Now I’m pretty sure the thought process was actually something like “I need a stocking stuffer... she does hair and makeup stuff... there was a dirty hairbrush in the bathroom... she must need a new one”. It wasn’t meant to be hurtful. It was just... not well thought out.
The worst part of this situation is that I can’t easily say “Dude, are you serious?!” because I was raised to be grateful. I actually like the dental flosser doohickey thing. He could’ve stopped there and not done the dental tools and hairbrushes. And I would’ve been fine with that. My main gift was being delivered by Amazon later this week and I was cool with that. And I didn’t really mind the set of iPhone lenses he bought me even though I already had a set from 18 months ago that I don’t use. I gave my old set to my middle kid, the photographer, and I’ll keep the new set because they are really much nicer. But they will probably collect dust. Because I don’t take macro photos nor do I ntake wide-angle photos with my phone. Plus their a total PITA to use on the fly. But it did show some thought. He didn’t remember I already had them and he thought I would like them.
I thought I was ok with just returning the hairbrushes and tools to target when we went to exchange my daughter’s Pokémon game. She wanted Ultra Moon, we ended up with Moon by mistake... but that’s easily fixable. Then my son gets himself caught in his brand new jacket and breaks the zipper. Which I had to fix. He has a ha it of breaking or otherwise mangling his Christmas gifts within 24 hours of receiving them. Don’t ask me about the rc TARDIS from last year or how he got the drone from this year stuck in the tree yesterday. See, if I were given something *nice* as a gift, I’d cherish it for more than 2.8 seconds. But I got dental floss, hairbrushes and dental tools.
I saw the stupid hairbrushes in the table lost it again this morning. Huge ugly sobs. Which I think scared my kids. None of whom thought to warn their dad that hairbrushes and dental floss were a BAD idea. Not that they should be responsible to make sure that he shops appropriately. I told them (among other things) that they should counsel him for next Christmas so as to avoid making such a grave error in judgement. Even my oldest child understands that I don’t use hairbrushes. Two of them. Detangling. I think the reason why I’m so hurt is that I try my hardest to make sure everyone gets something they will like and use. But no one does the same for me.

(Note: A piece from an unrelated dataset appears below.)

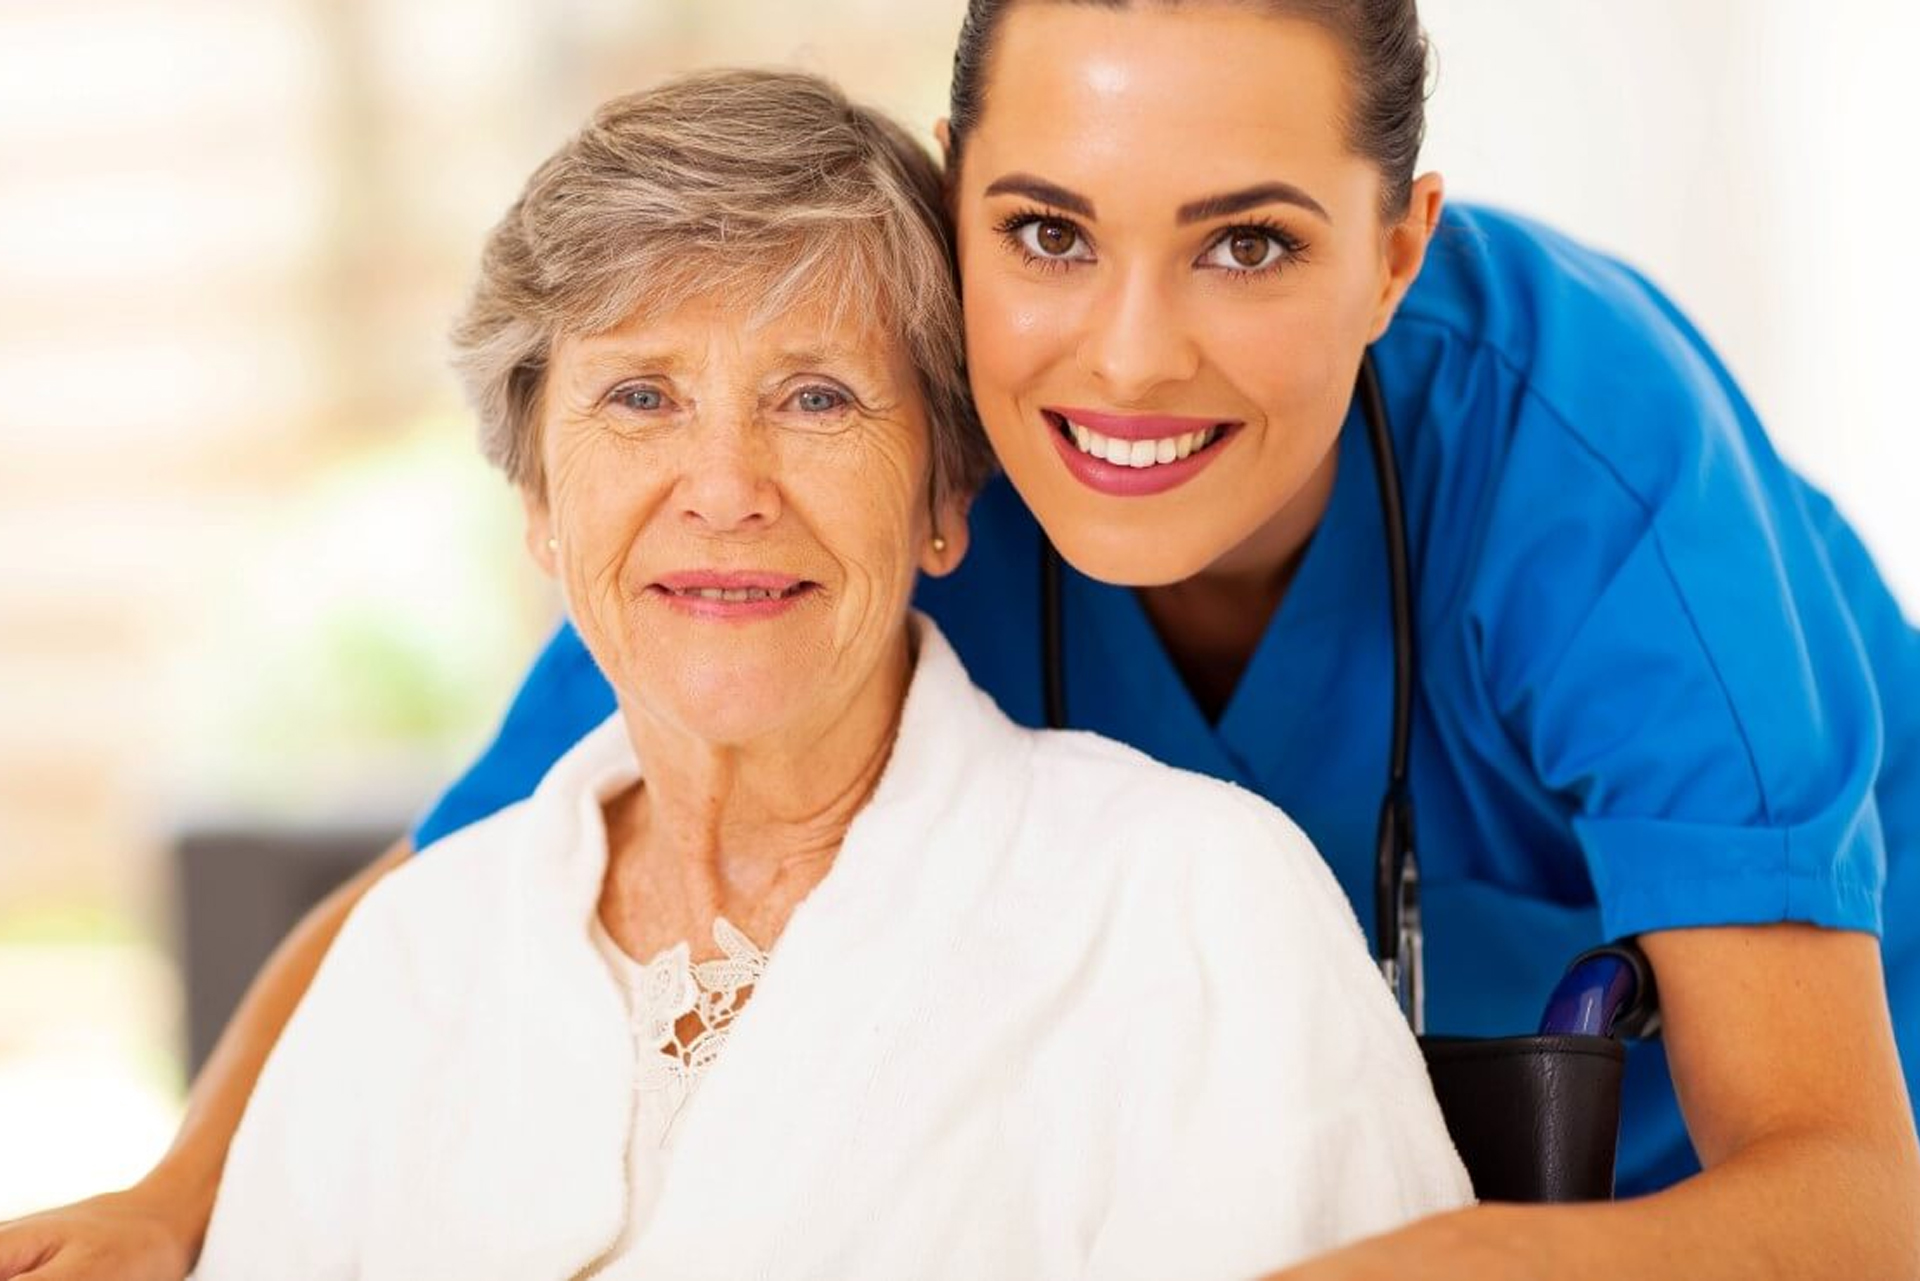 patient in wheelchair with nurse

If I did for everyone else what was done for me, everyone would be getting cotton underwear and deodorant for Christmas. Whether they needed it or not. And it would be the wrong size. And scent.
I don’t need anything. But just because I don’t need anything doesn’t mean it’s ok to just throw whatever in the stocking and be done with it. I would’ve been happier with nothing at all.
PS: don’t come ask me if I had a “good christmas” afterwards.